Not a level playing field

‘FUNDING, funding and regular funding’ is what Pakistani women athletes say they need most to compete internationally. Talent alone, they point out, cannot take them to the world stage; it must be backed by quality equipment, top-notch coaching, proper training facilities, nutrition and the means to travel and compete.

For most athletes, both male and female, except those supported by the departmental sports system such as the Pakistan Army, Wapda, the Higher Education Commission, National Bank, Pakistan Railways, police and airlines, the struggle begins long before competition day: finding the resources simply to stay in the game. State patronage is limited, private sponsorship even scarcer — and for women, almost non-existent.

Even for female athletes with supportive families or relatively privileged backgrounds, funding remains a constant struggle. Eman Khan, who won the gold at the 2024 International Mixed Martial Arts Federation Asian Championships, receives only sporadic private sponsorships. To sustain her career in the intensely male-dominated and often ‘violent’ world of the martial arts, she relies on coaching others to fund her own training and competition expenses.

The barriers are even greater for girls from Pakistan’s remotest and poorest districts. Without sponsors or financial backing, many are forced to quit before their talent is ever discovered; this is not just an individual but also a national loss.

Stadiums are largely empty and media attention wanes when it comes to women playing sports.

In Jacobabad, the Star Women’s Sports Acade­­my, the only women’s sports club in Larkana division, trains 32 girls from low-income homes in football, hockey, cricket and tennis for free. But with little funding and a severe shortage of equipment, many aspiring players are turned away. The club cannot afford to send athletes to private tournaments.

Founded in 2017 by hockey player Erum Baloch, in April the academy had to appeal on social media for basic gear — goalkeeping kits, hockey sticks and balls. Baloch, who teaches at a private institution, uses much of her own salary to keep the club — her passion — running. Help poured in from ordinary citizens and philanthropists. Even a sportswoman from Peshawar rushed to ensure the girls had the equipment they needed to continue playing. The appeal is a stark reflection of the lack of official support for women’s sports.

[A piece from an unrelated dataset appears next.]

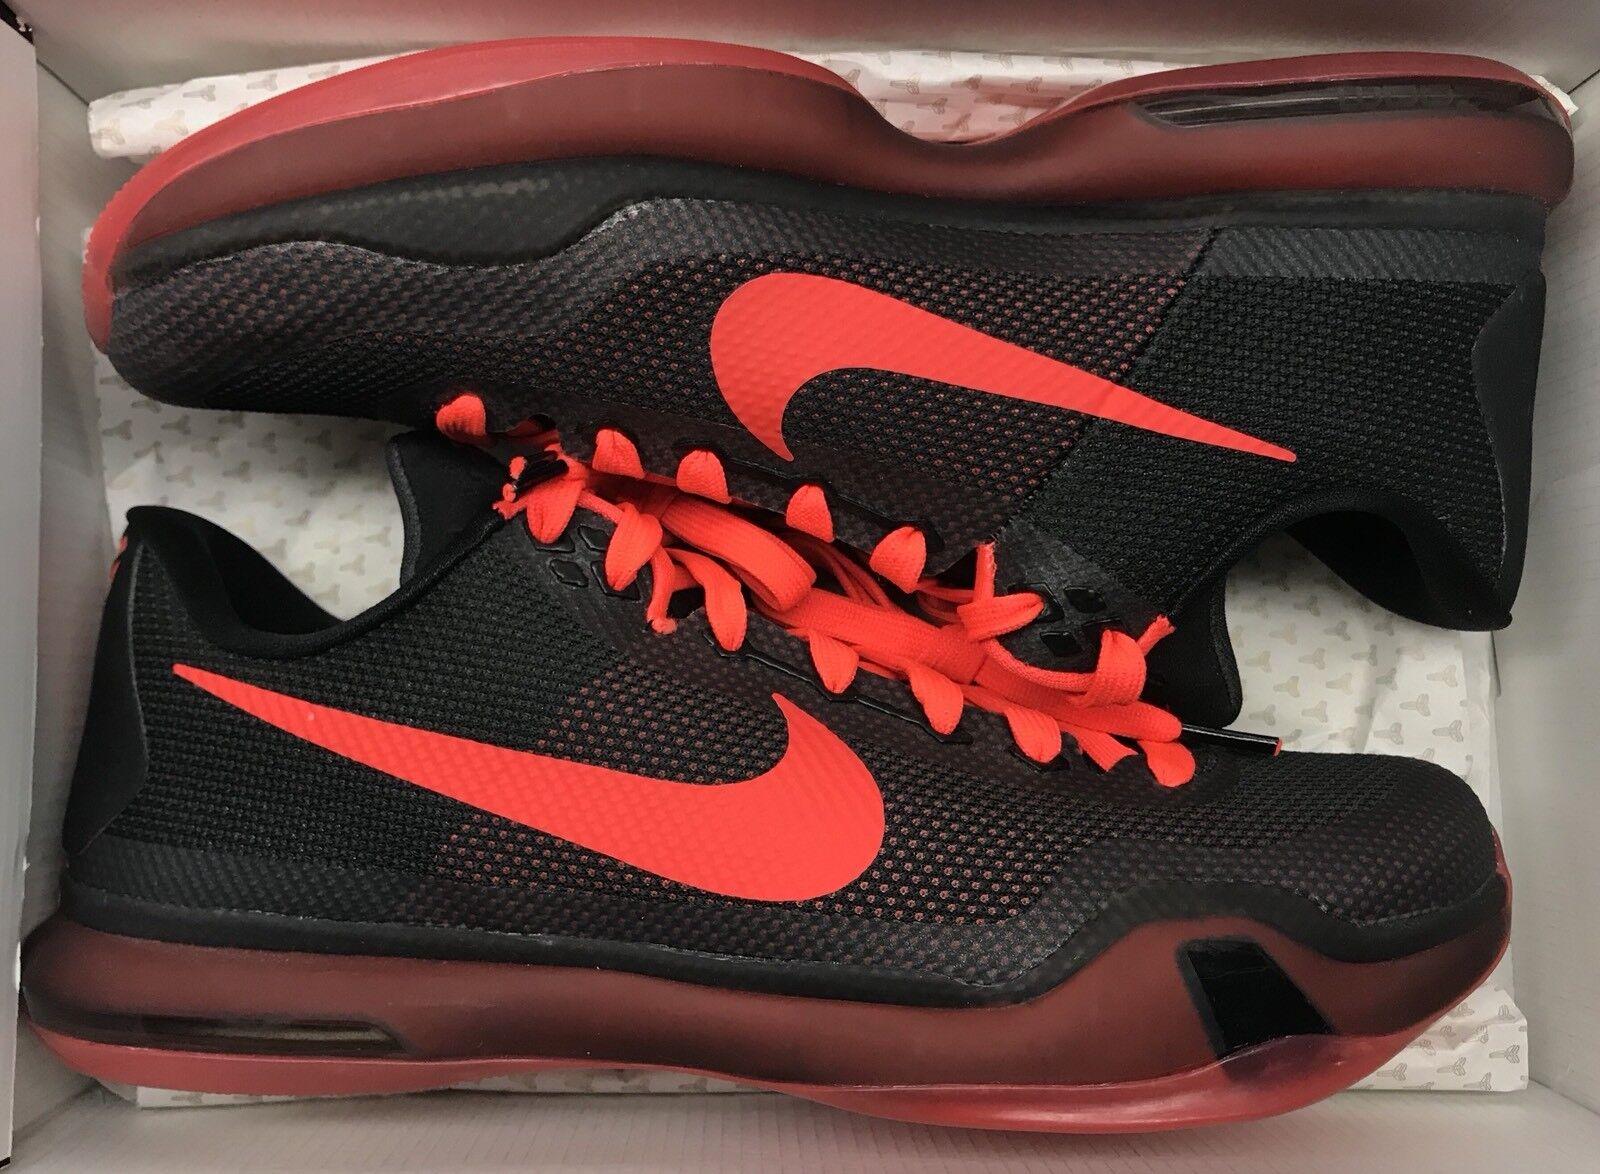 Nike Kobe X 10 Low Black Bright Crimson Anthracite Red IV V 1 I 705317-060 Sz 10

Similarly, last year, after reading about the plight of these athletes, the Australian high commission helped fund a hockey training camp for them in Islamabad.

However, ad hoc support and one-off training cannot produce national or international athletes. When coaches constantly scramble for basic equipment, training becomes inconsistent, eroding the very backbone of competitive sport.

Star Academy is far from the only women’s sports club trudging along with limited resources. Founders in Karachi, Hyderabad and Mirpurkhas say they often reach into their own pockets to keep girls playing — from water to rickshaw fares, they even buy shoes for those who cannot afford them. At the same time, they have to spend hours convincing hesitant parents to let their daughters continue.

But this financial strain is intertwined with harassment within the system. Coaches have observed that girls from poorer, more conservative homes — some describe their charges as ‘less educated, less confident and unable to speak in English’ — often become a target of sexual harassment. Many girls stay quiet for fear of being pressured to leave the sports premises — or the sport itself. Others, the coaches allege, are sidelined (even if talented) as ‘punishment’ for refusing the inappropriate advances of male officials who influence selection and careers.

Another reason why women’s sport remains chr­onically underfunded compared to men’s, said Dr Sadia Sheikh, founder of Pakistan’s first women’s sports club, Diya Academy (established in 2002), is that: “Women’s sports are less marketable.”

“Inn ki tau kal shadi ho jai ge; hum ko kiya return milay ga?” (Tomorrow these women will get married; if we invest in them, what returns will we get?) is a common excuse by corporations for turning them away, she said. This dismissive attitude, pointed out Dr Sheikh, is reinforced by the lacklustre viewership: stadiums remain largely empty and media attention wanes when it comes to women playing sports.

However, in sports such as cricket and football, there has been some positive development of late. The state and private sponsors are investing in female athletes. The latter receive enviable packages (though not equal to their male counterparts’) consisting of comfortable accommodation, good meals, daily allowances and even salaries or stipends, when compared to female athletes in other sports. They are even sent abroad for training and also get a chance to play against international teams.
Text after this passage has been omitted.